__Directions__: Everything from the line with "The CABINET SECRETARIAT" to the last line of the listing must be retyped exactly, both ends included, with the pictures dropped.

__Available data__:
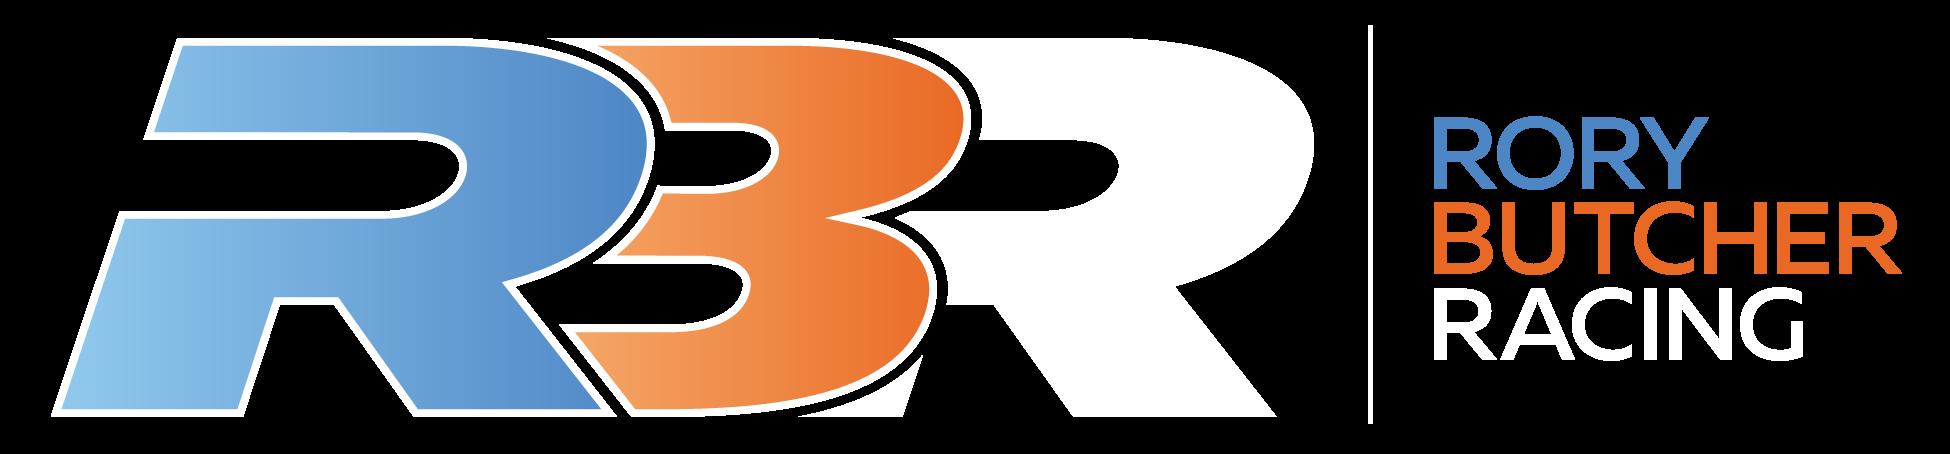 Rory Butcher Racing
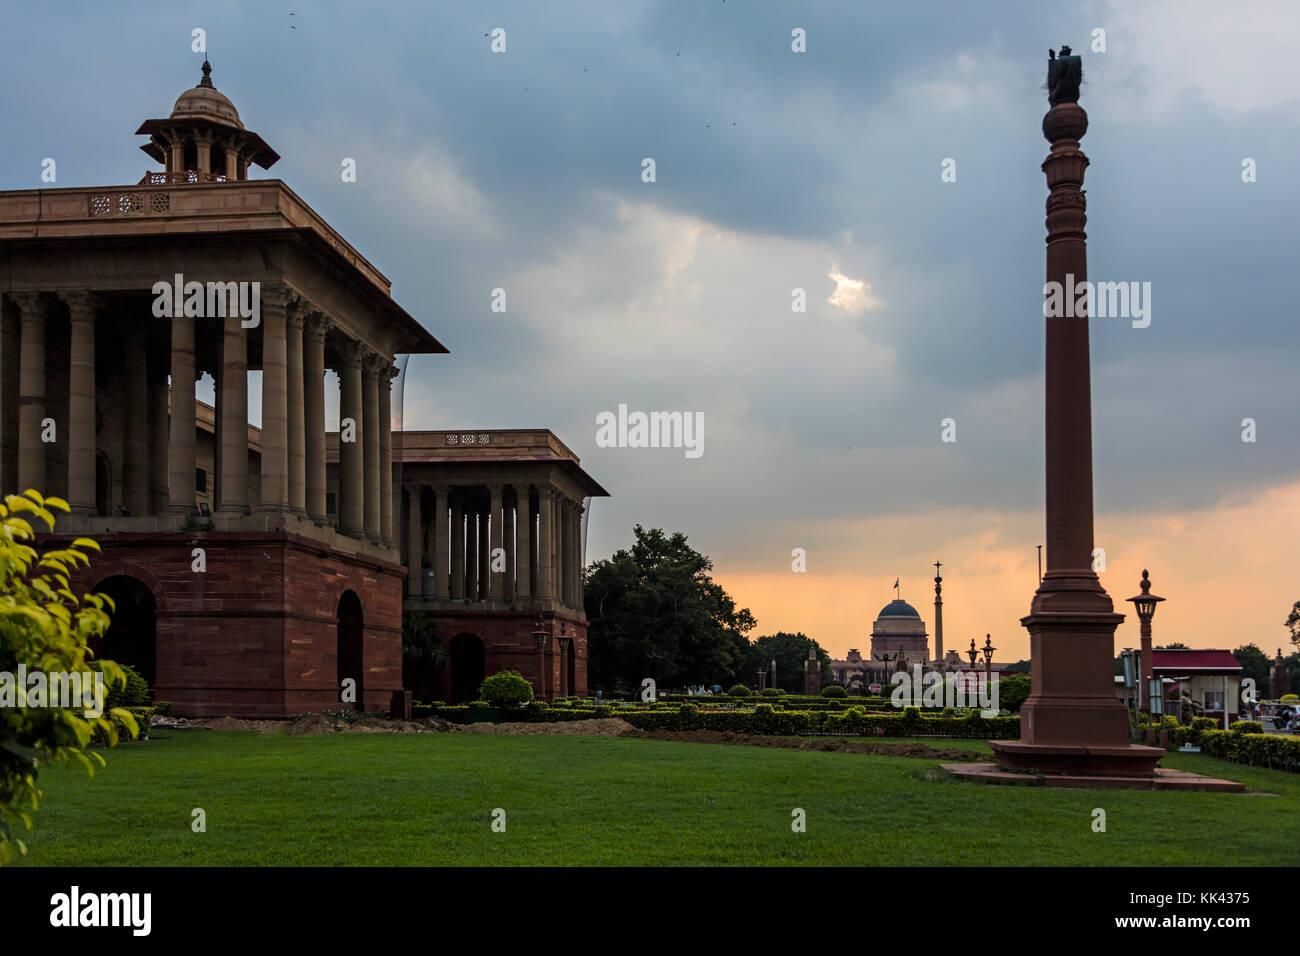 The CABINET SECRETARIAT of INDIA - NEW DELHI, INDIA - Stock Image
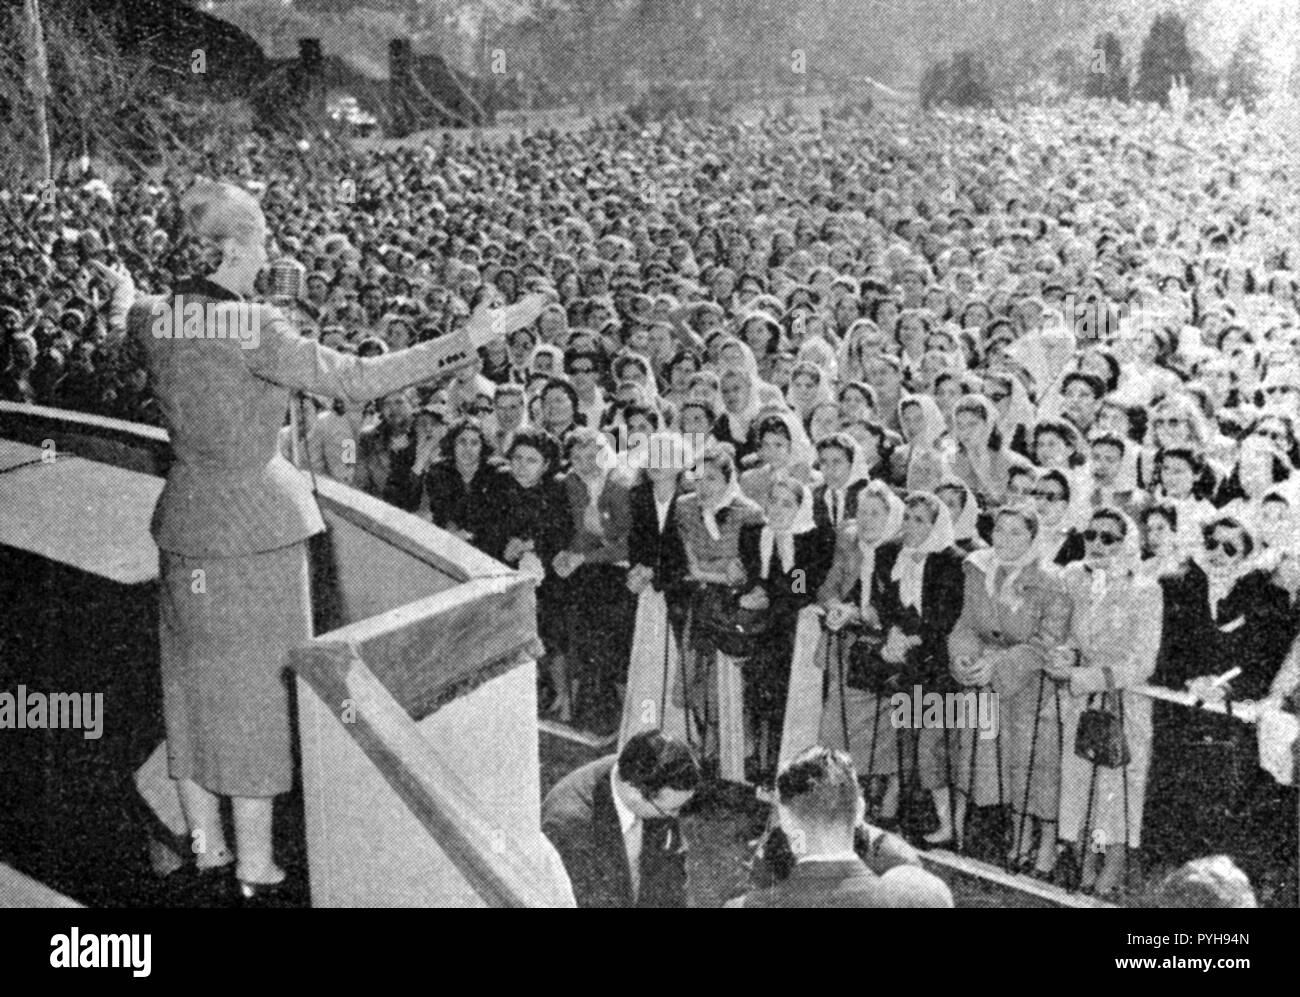 EVA PERON (1919-1952), moglie del presidente argentino Juan Perron, circa 1948 a al rally per womens' i diritti di voto di un bout 1950 Immagini Stock
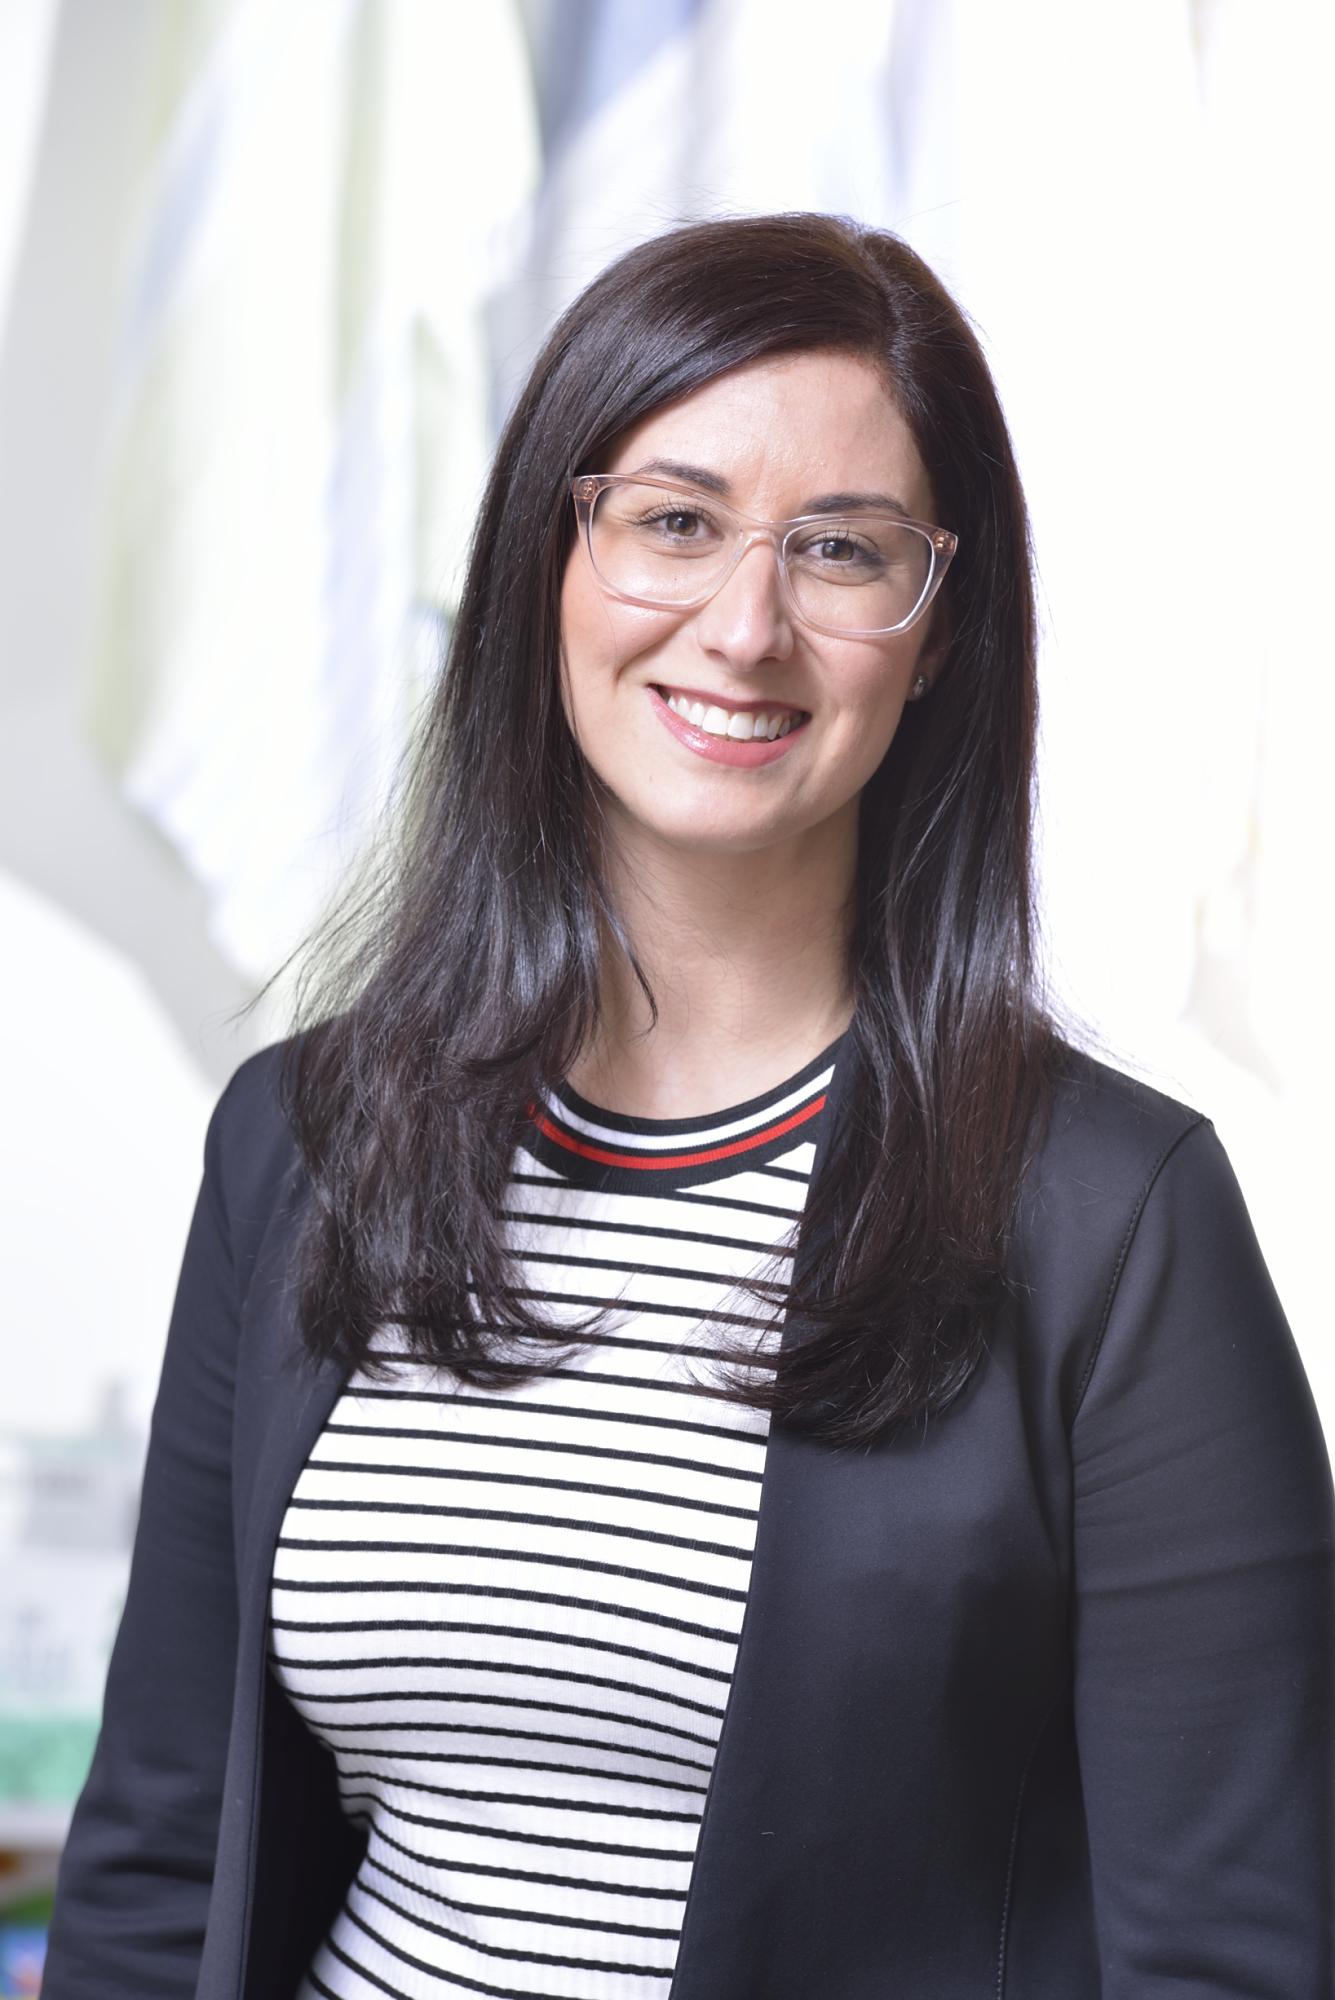 Daniela Ciccarelli

__Worked solution__:
 The CABINET SECRETARIAT of INDIA - NEW DELHI, INDIA - Stock Image
 EVA PERON (1919-1952), moglie del presidente argentino Juan Perron, circa 1948 a al rally per womens' i diritti di voto di un bout 1950 Immagini Stock
 Daniela Ciccarelli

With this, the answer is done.